Saturday, September 4, 2004

 


U.S. Searches Computers, Trying to Disrupt Piracy


By SAUL HANSELL

Published: August 26, 2004
http://query.nytimes.com/mem/tnt.html?tntget=2004/08/26/technology/26share.html&;tntemail1


Federal authorities searched computers in six locations yesterday in an attempt to disrupt a network used to trade copies of movies, software, games and music. The Justice Department said the searches represented the first time that so-called peer-to-peer networks had been singled out for a criminal enforcement action under copyright law. The department has stepped up enforcement of copyright law this year, but until now it has focused on organizations known as warez groups, which steal copies of movies and other materials to make them available to downloaders. In a peer-to-peer network, like the widely used Kazaa system, the computers of individual users trade files without going through a central computer. The people whose computers were searched, the government said, operated hubs that coordinated the sharing of files. John Malcolm, a senior vice president of the Motion Picture Association of America, praised the move as a sign that the government takes online piracy seriously.

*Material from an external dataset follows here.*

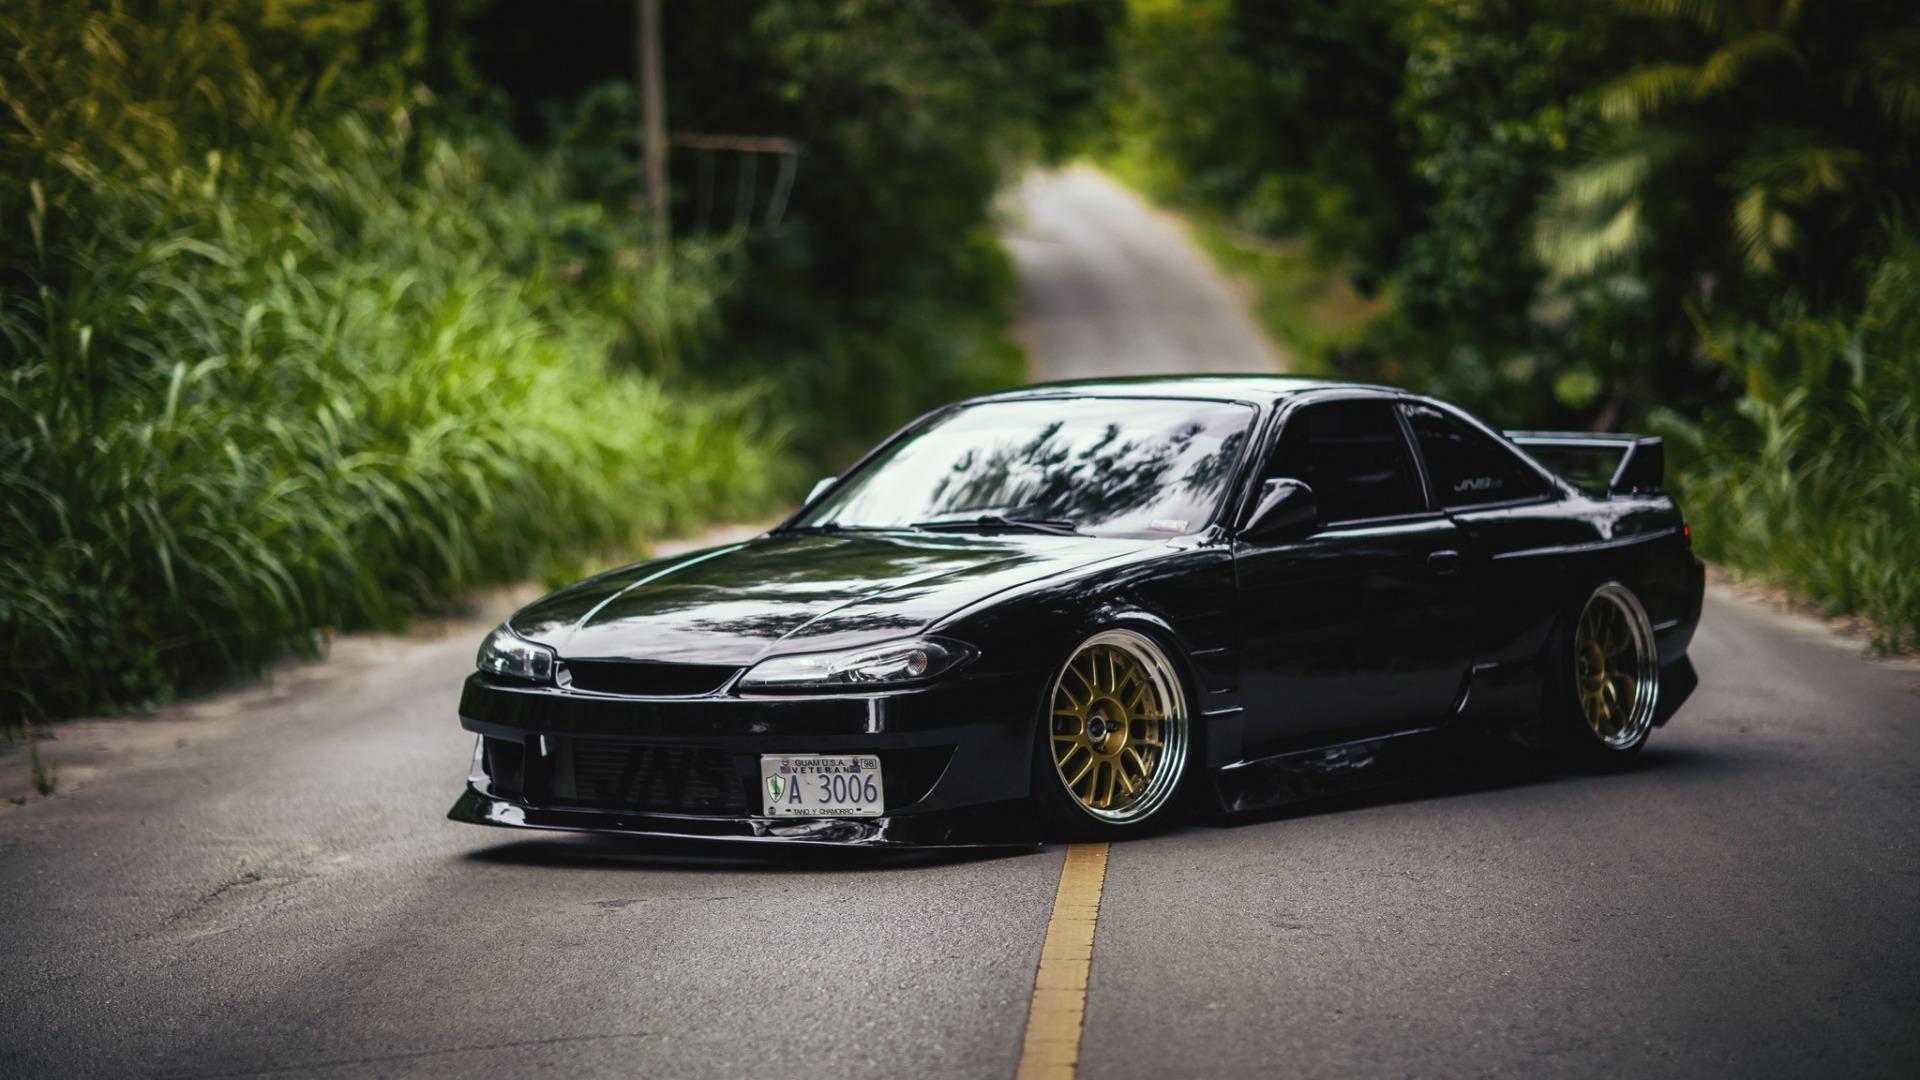 Jdm Nissan Silvia S15

The F.B.I. conducted a covert investigation by loading two computers with copyrighted material and joining the Underground Network, a move that let it identify five hub computers that coordinated the file sharing. An F.B.I. agent then downloaded 84 movies, 40 software programs, 13 games and 178 songs from the network. The Recording Industry Association of America, a trade group representing the major record labels, said yesterday that it had sued more than 700 users of peer-to-peer file sharing networks.